The Roman Genius

The Genius of the Roman Religion is a guardian spirit that guides, shapes and governs the life of an individual from his birth until his death. The etimology of the Latin word “genius” means “guardian deity, spirit, incarnation, inborn nature, talent, generative power”. It shares with the word “nature” and the Latin word “gens” (“tribe, people”) the root *gene- (“beget, give birth”).

Ancient depiction of a Genius:

Analyzing these elements in the light of the European initiation ritual of reincarnation/rebirth in the ancestors, or, generally speaking, of the European belief in the reincarnation/rebirth of the individual spirit in the ancestry, we can note that the figure of the Genius takes shape directly from that ritual and from that belief, because it symbolizes the ancestor. The festivity dedicated to the Genius coincides with the birthday of the person under its tutelage, the latter being nothing but its reincarnation. In Rome the thalamus, the marital bed, was called “lectus genialis” (“bed of the genius”) because it’s thanks to the act of love that the Genius (i.e. the ancestor) is reborn, through the conception of a new member of the ancestry. The part of the body related with the Genius is the forehead, i.e. the head/skull, since prehistory the part of the body symbolizing the mind, memory and spirit of the individual: the Genius is consecrated to the forehead to symbolize how the descendant has inherited the mind, memory and spirit of the ancestor reborn in him. The Genius was usually depicted in the form of a serpent, as the various serpents/dragons that the heroes of the myths must fight during their initiation rituals: the serpent/dragon represents the umbilical cord that connects the descendant to his ancestors.

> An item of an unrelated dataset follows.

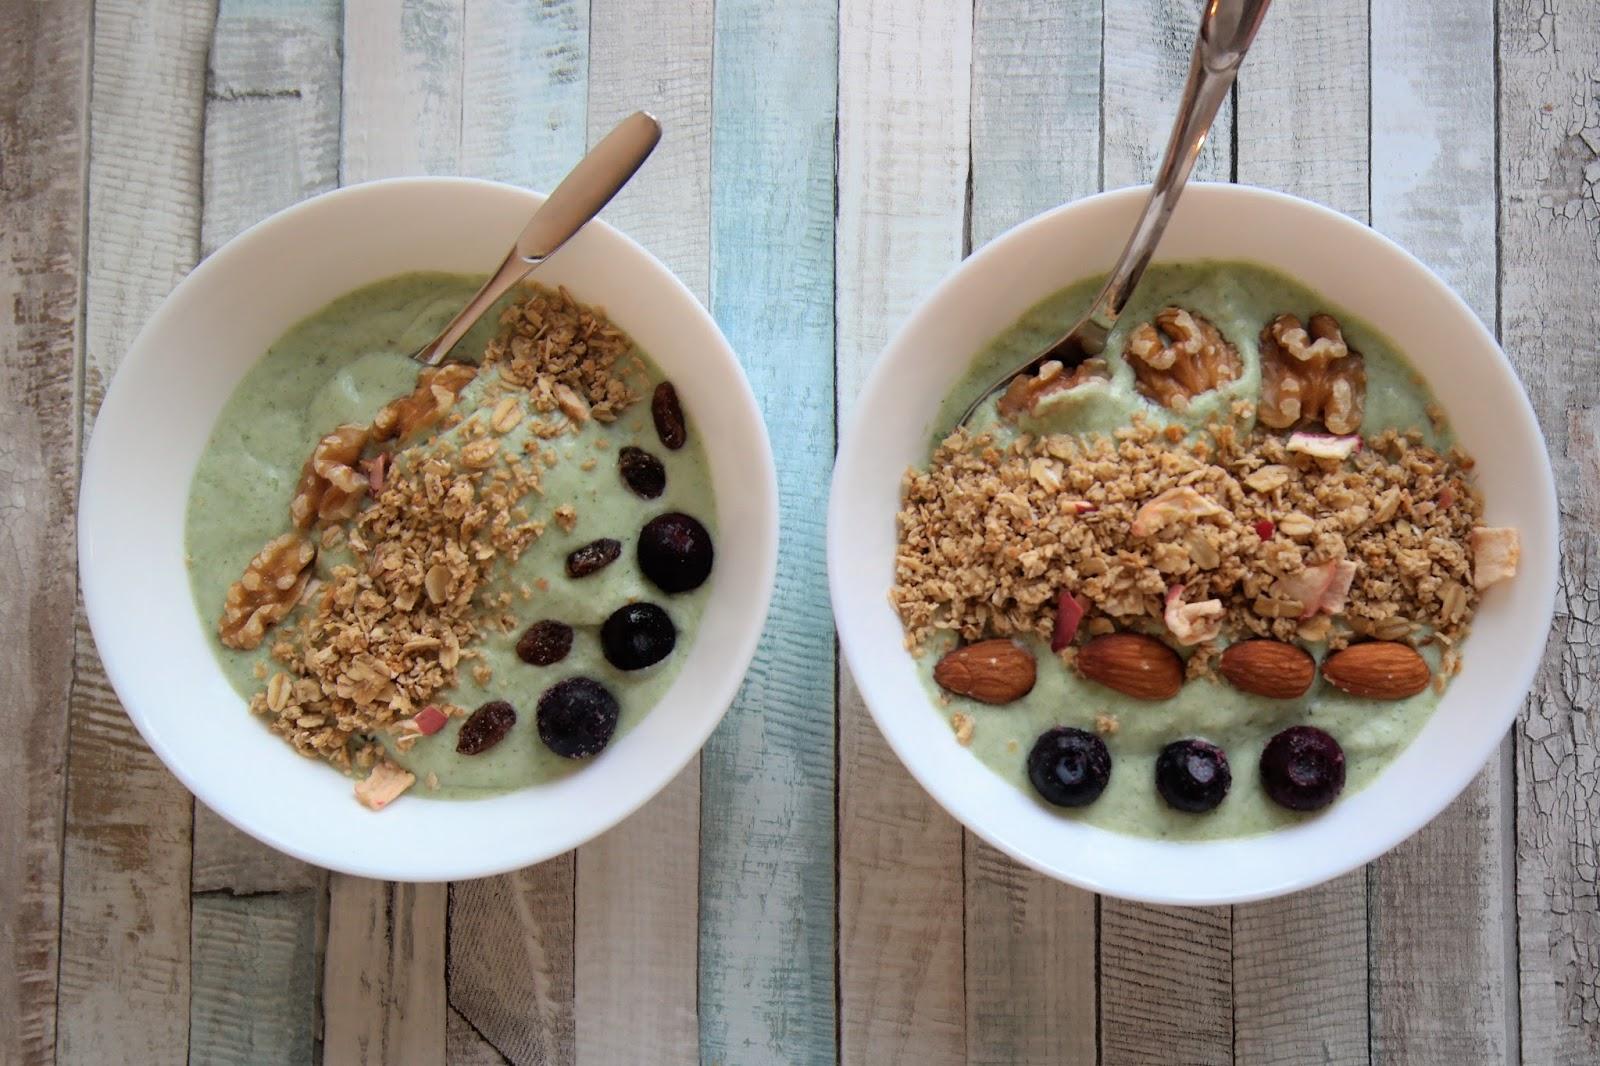 Miten saada taapero syömään enemmän kasviksia?

The Genius depicted as a serpent:

The Genius is equivalent to the Daimon of the Greeks and the Guardian Angel of the Christians (…). The Latin word “daemon” means “spirit” while the Greek word “daimon” means “divinity, divine power, guiding spirit, tutelary divinity, spirit of the dead, fortune”, and their common PIE root means “divider, supplier” (of fortune/destiny). Other equivalent figures are the Fylgja (literally “someone that accompanies”, sometimes designated as “aettarfylgja”, “fylgja of the ancestry”) and the Hamingja of the Nordics, both being a supernatural form of life connected with the fortune/destiny of a person. The word “fylgja” has the same root of the English word “follow” (from Ancient English “fylgian, fylgan”, with the meaning of “accompany” [referred to a disciple], “move in the same direction”). The word “hamingja” is composed by “hamr” (“shape”) and the verb “gangr” (“to go/walk”), in the sense of “he who walks in the shape/form” (the physical shape/form, i.e. the body), in reference to the memory of what there was of good, noble and honourable in our ancestors, the noble and honourable part that lives on in the ancestry, handed down from body to body, by means of the memory. In addition to the examples described above there are the Fravashi of the Persians and the Ka of the Egyptians. The Fravashi consists in the double of an individual and in his transcendent guardian (identified with the spirit of an ancestor). The word “fravashi” is commonly reconstructed as *fravarti, from the root -var (“to choose”), with the meaning of “one who has been selected”: only the child that has been chosen/selected to be reborn will obtain the Fravashi of one of his honourable ancestors. The Ka is also the double of an individual (it was often represented in Egyptian iconography as a second image of the king), it is passed down from father to son and indicates the life force/spirit of an individual. Lastly, our shadow is the manifestation of the metaphysical reality of the “double”: hence the belief in the dead intended as intangibles shadows or ghosts.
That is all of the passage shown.